For work-from-home believers, it looks like the revenge of corporate curmudgeons. Didn't a spate of studies during the COVID-19 pandemic demonstrate that remote work was often more productive than toiling in the office?
Unfortunately for the believers, new research mostly runs counter to this, showing that offices, for all their flaws, remain essential.
A good starting point is a working paper that received much attention when it was published in 2020 by Natalia Emanuel and Emma Harrington, then both doctoral students at Harvard University. They found an 8% increase in the number of calls handled per hour by employees of an online retailer that had shifted from offices to homes. Far less noticed was a revised version of their paper, published in May by the Federal Reserve Bank of New York. The boost to efficiency had instead become a 4% decline.

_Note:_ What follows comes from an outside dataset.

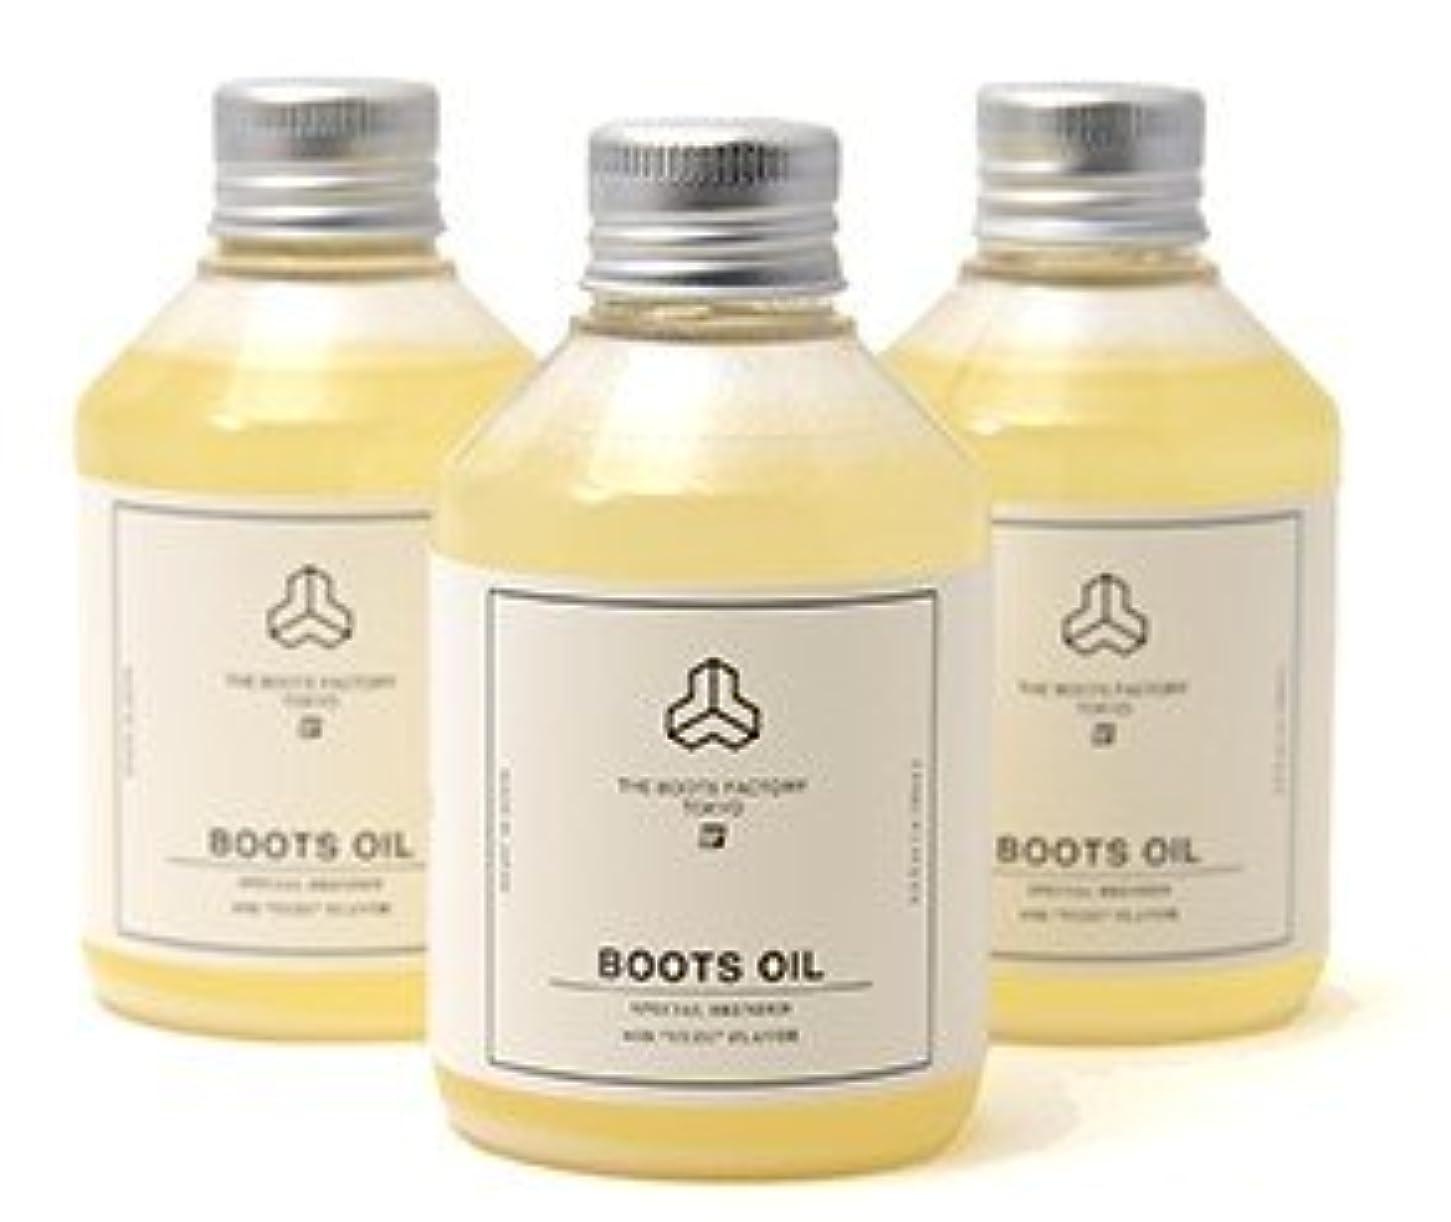 謝る山岳害THE BOOTS FACTORY BOOTS OIL ザ ブーツファクトリー ブーツオイル

The researchers had not made a mistake. Rather, they received more precise data, including detailed work schedules. Not only did employees answer fewer calls when remote, the quality of their interactions suffered. They put customers on hold for longer. More also phoned back, an indication of unresolved problems.
The revision comes hot on the tails of other studies that have reached similar conclusions. David Atkin and Antoinette Schoar, both of the Massachusetts Institute of Technology, and Sumit Shinde of the University of California, Los Angeles, randomly assigned data-entry workers in India to labor either from home or the office. Those working at home were 18% less productive than their peers in the office.